Choosing the correct flooring solution
• Acoustic goals: Among the first questions that must be answered are: What are the acoustic goals of the space? Is there significant noise? How quiet does it need to be? Are there specific requirements for reverberation time or other acoustic metrics that must be adhered to? Would acoustical treatment be useful, feasible or financially justifiable?
• Building layout: If a building includes a particularly noise-sensitive space, the location of that space should be placed to minimise sound transmission from interior or exterior noise sources.
• Building construction: The type of construction determines many acoustical parameters, including STC and IIC. A structure built using concrete slab will exhibit different acoustical strengths and weaknesses compared to steel or wood.

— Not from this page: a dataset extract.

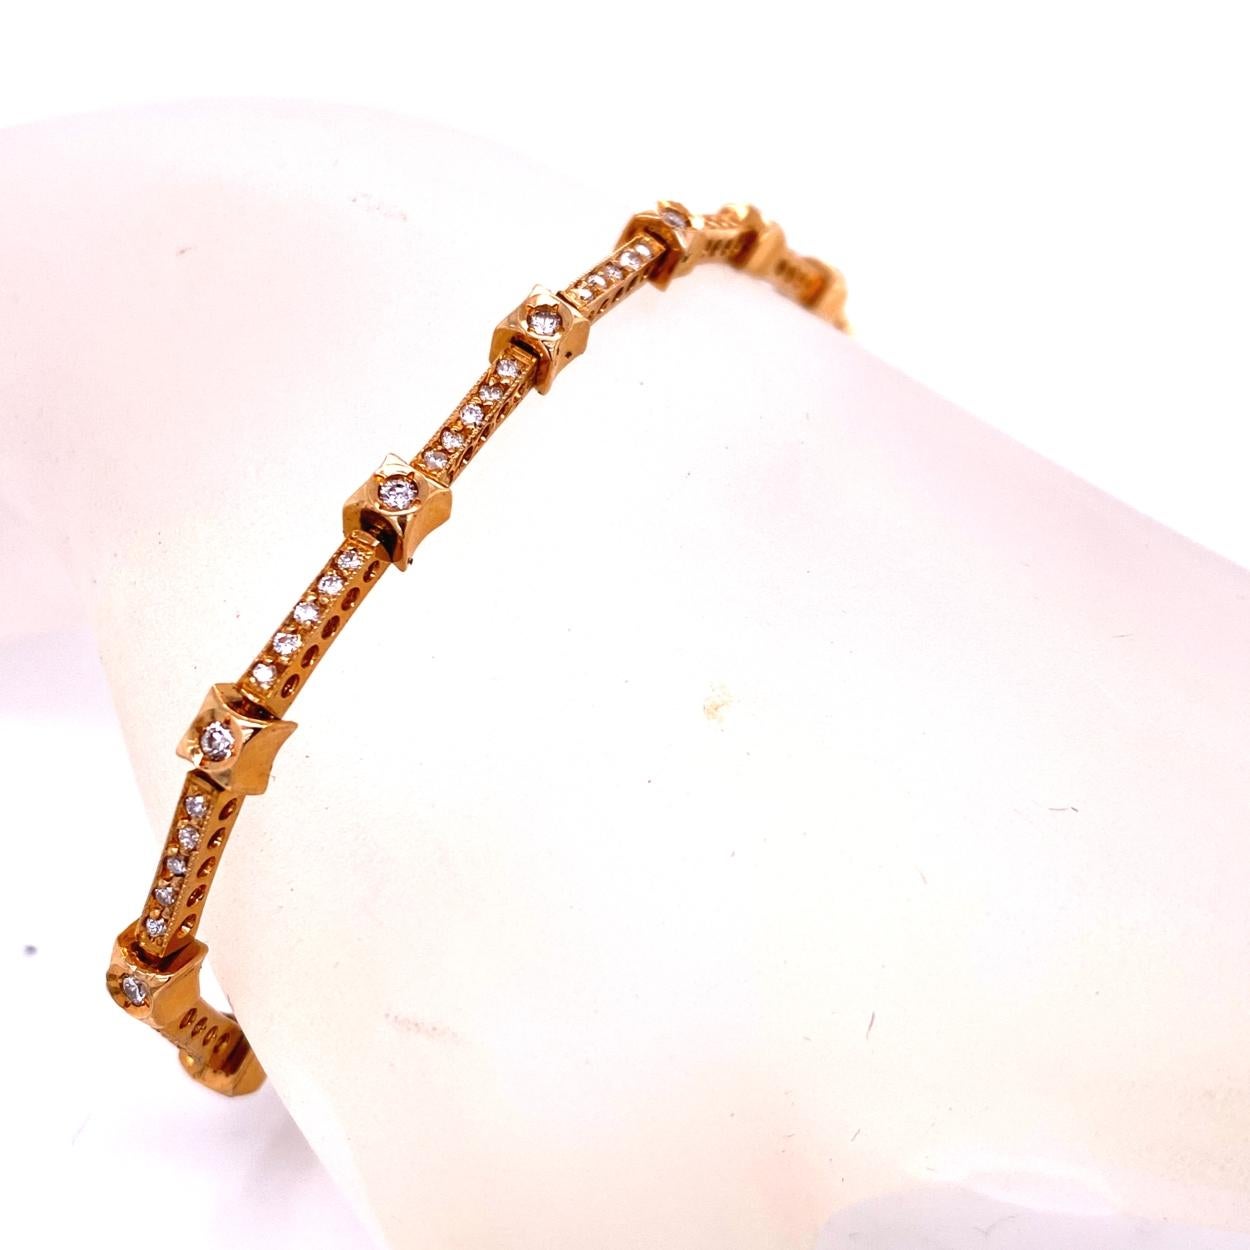 Dieses Diamantarmband besteht aus 13 Gliedern, die sich aus 14 mit 1,6 mm großen runden Brillanten besetzten Lünetten und 13 mit 65 1 mm großen runden Brillanten besetzten Pave-Stegen zusammensetzen. Das Armband ist aus 14 Karat Gelbgold gefertigt,

• Acoustical treatments: Using absorptive acoustical treatments to reduce reverberation and increase speech intelligibility within a space is more efficiently met by applying acoustical wall and ceiling treatments, rather than flooring solutions.
In summary, the absorption and transmission of sound energy in a built environment is impacted by the type of construction and building materials selected, and this is true for flooring. The greatest impact flooring has on the acoustic environment is related to the transmission of impact noise (IIC), but it has lesser influence on the transmission of airborne noise (STC) as those characteristics are more dependent on the construction of the subfloor. Flooring is also not an efficient way to deal with absorption of sound within spaces (NRC), compared with acoustic wall and ceiling treatments.
Careful consideration of the acoustic goals for your building spaces is essential prior to making construction and material selections, and flooring does have a role in achieving optimum indoor environmental quality for building occupants—just not a major one.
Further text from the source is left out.